WHAT YOU WILL DO>
In the copy, include all of the listing exactly and none of its pictures.

SOURCE DATA>
- Opening Delimiter -

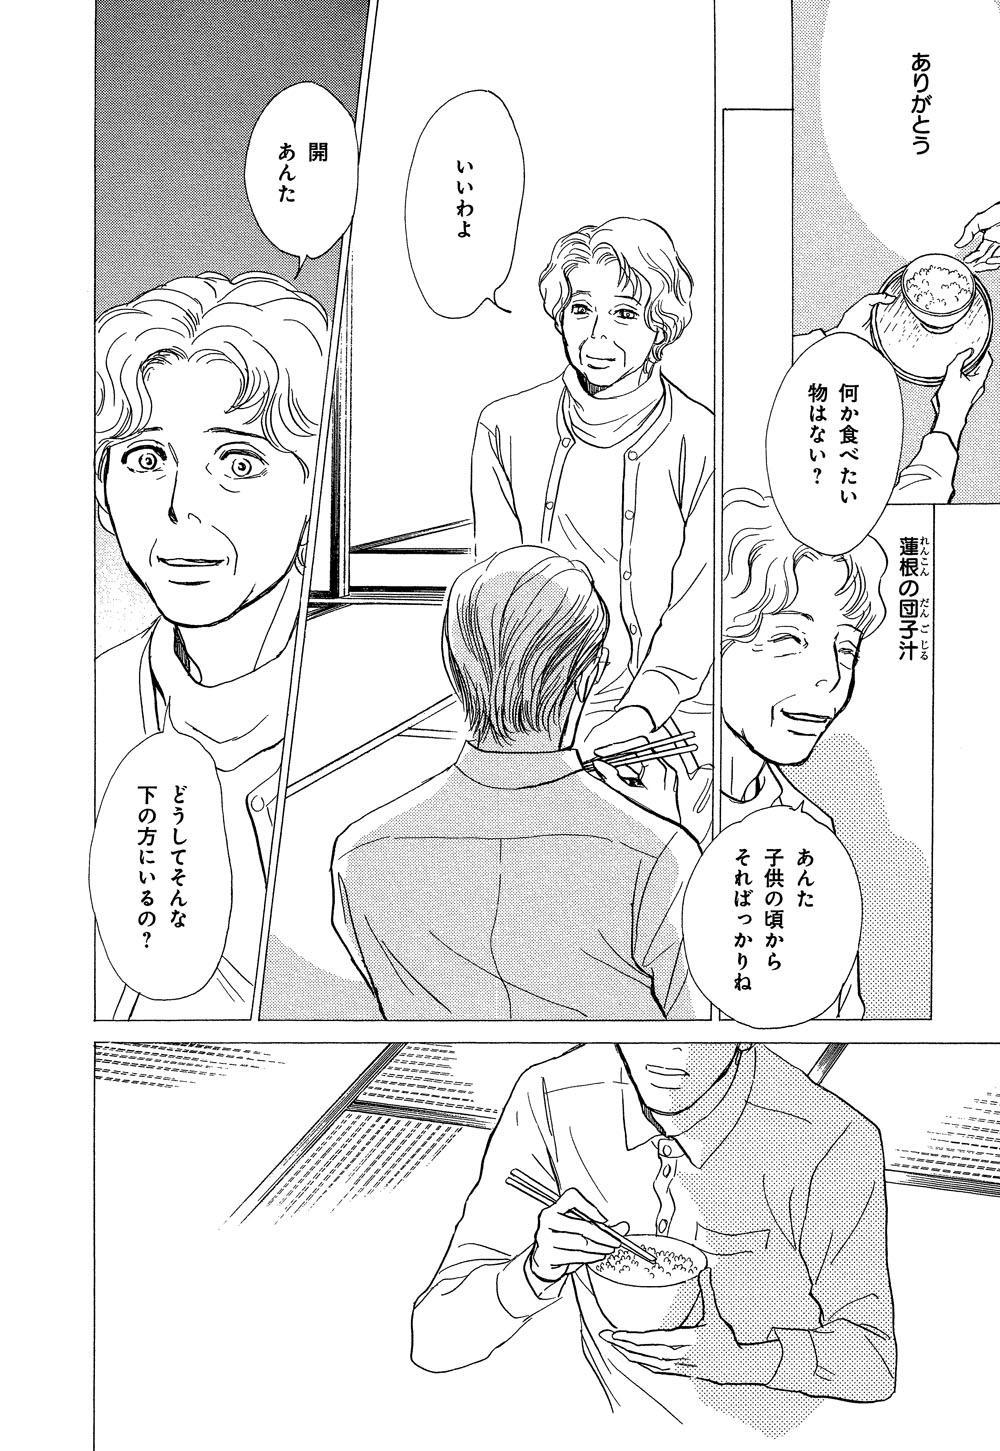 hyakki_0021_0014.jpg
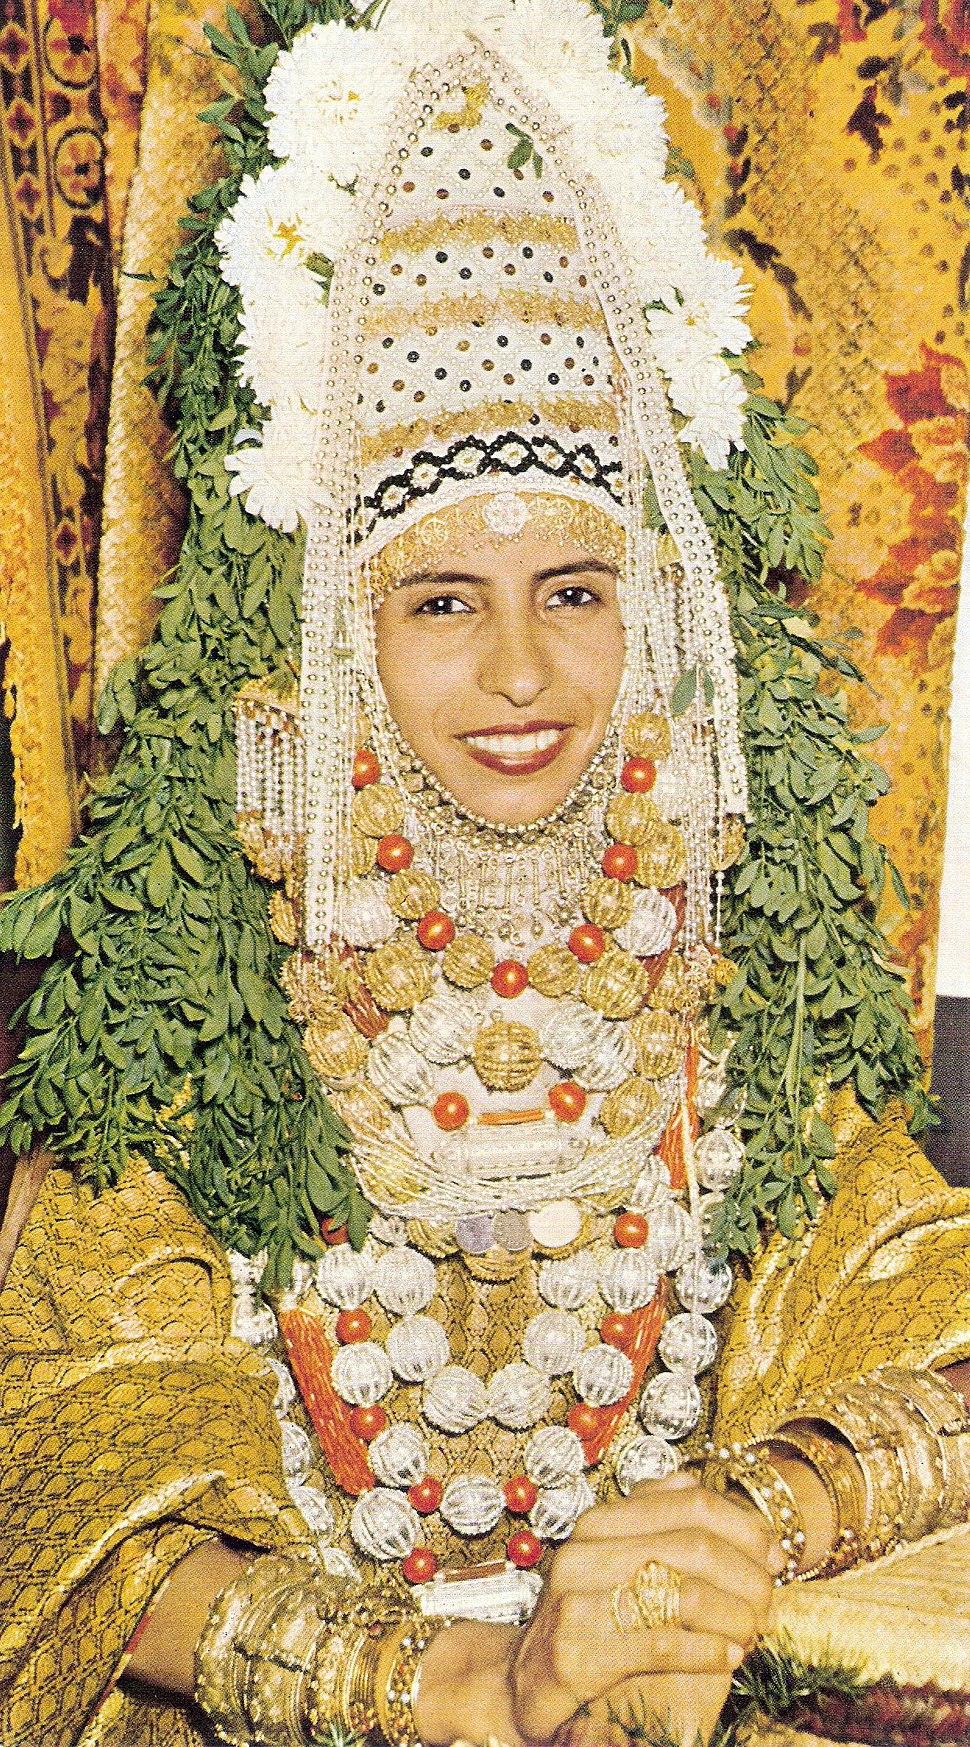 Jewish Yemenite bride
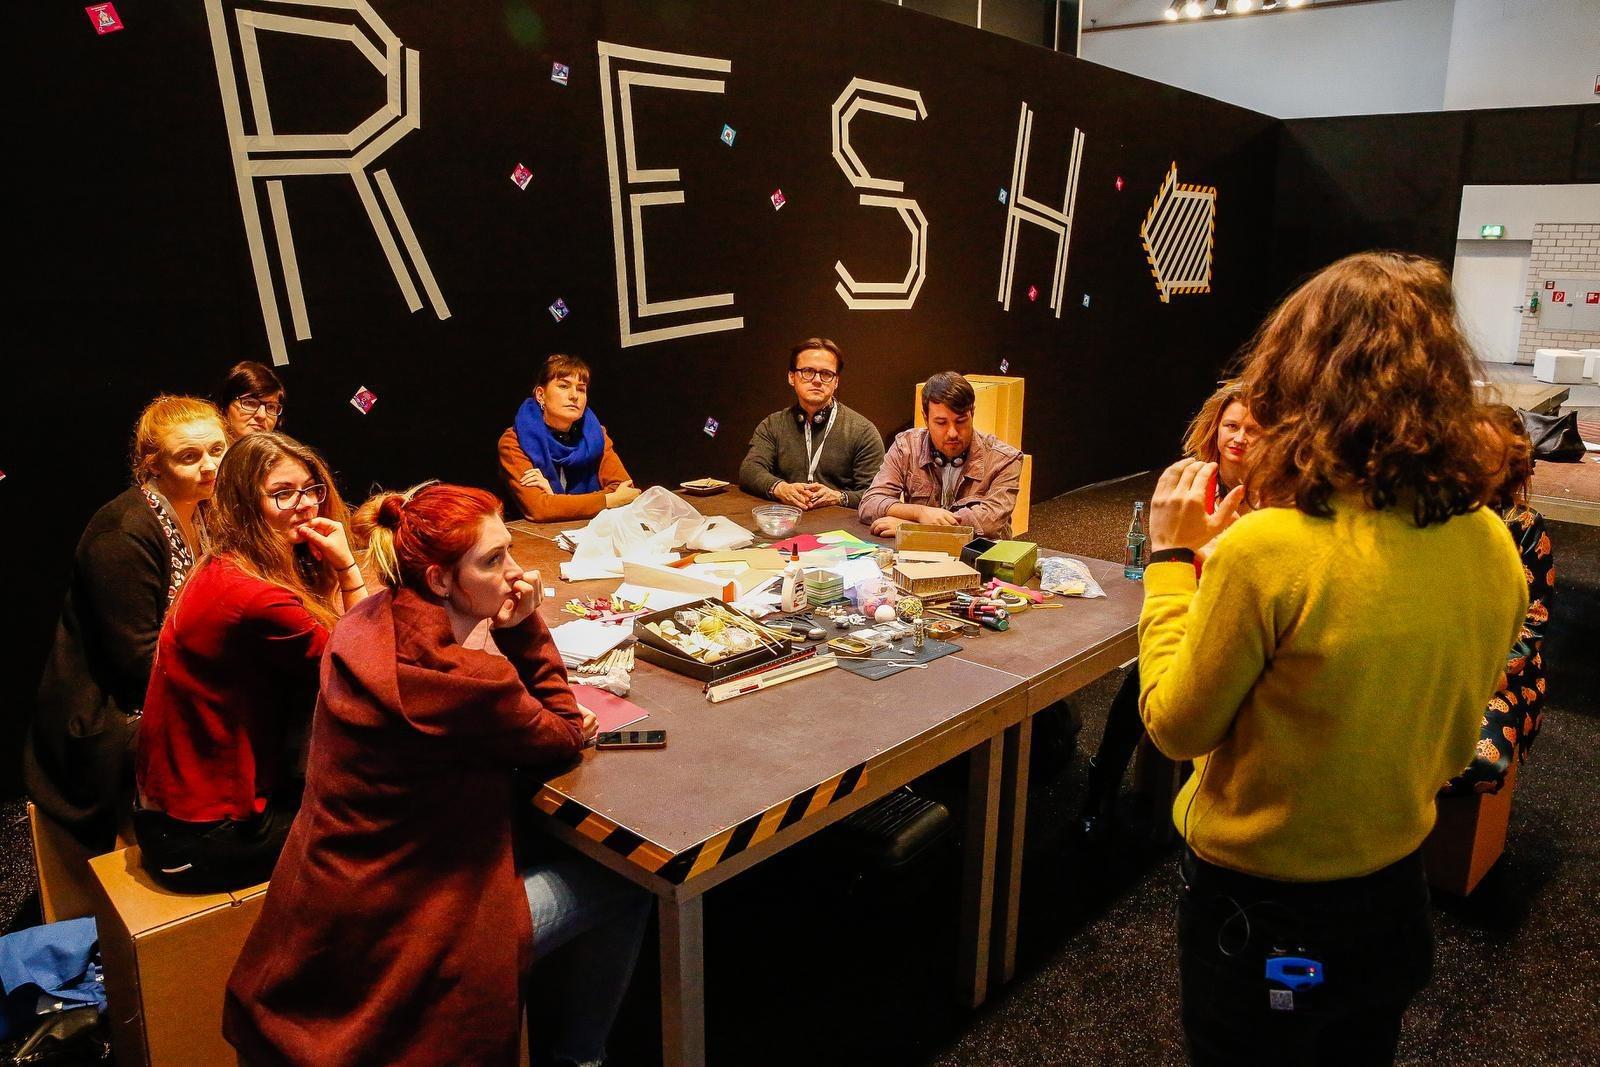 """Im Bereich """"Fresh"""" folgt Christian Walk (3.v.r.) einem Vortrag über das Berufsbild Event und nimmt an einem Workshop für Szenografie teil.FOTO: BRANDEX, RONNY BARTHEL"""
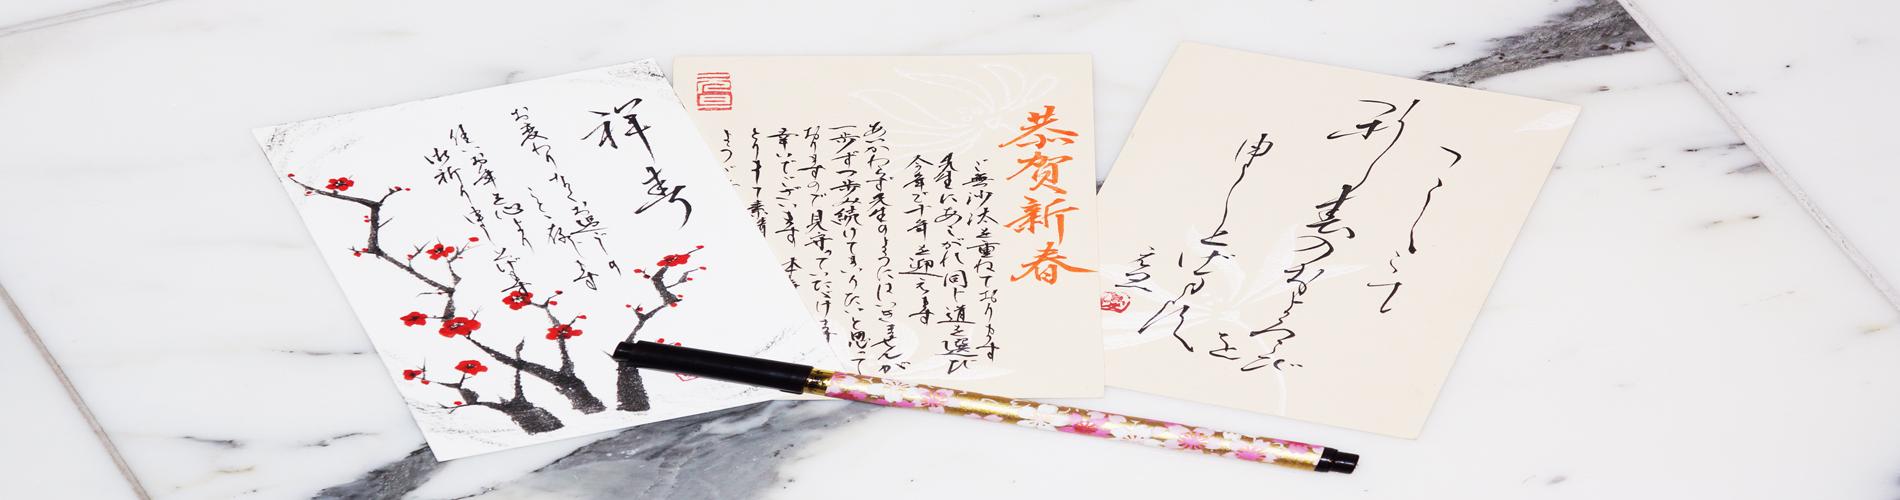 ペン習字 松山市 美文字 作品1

- Closing Delimiter -

TASK RESULT>
 hyakki_0021_0014.jpg
 Jewish Yemenite bride
 """Im Bereich """"Fresh"""" folgt Christian Walk (3.v.r.) einem Vortrag über das Berufsbild Event und nimmt an einem Workshop für Szenografie teil.FOTO: BRANDEX, RONNY BARTHEL"""
 ペン習字 松山市 美文字 作品1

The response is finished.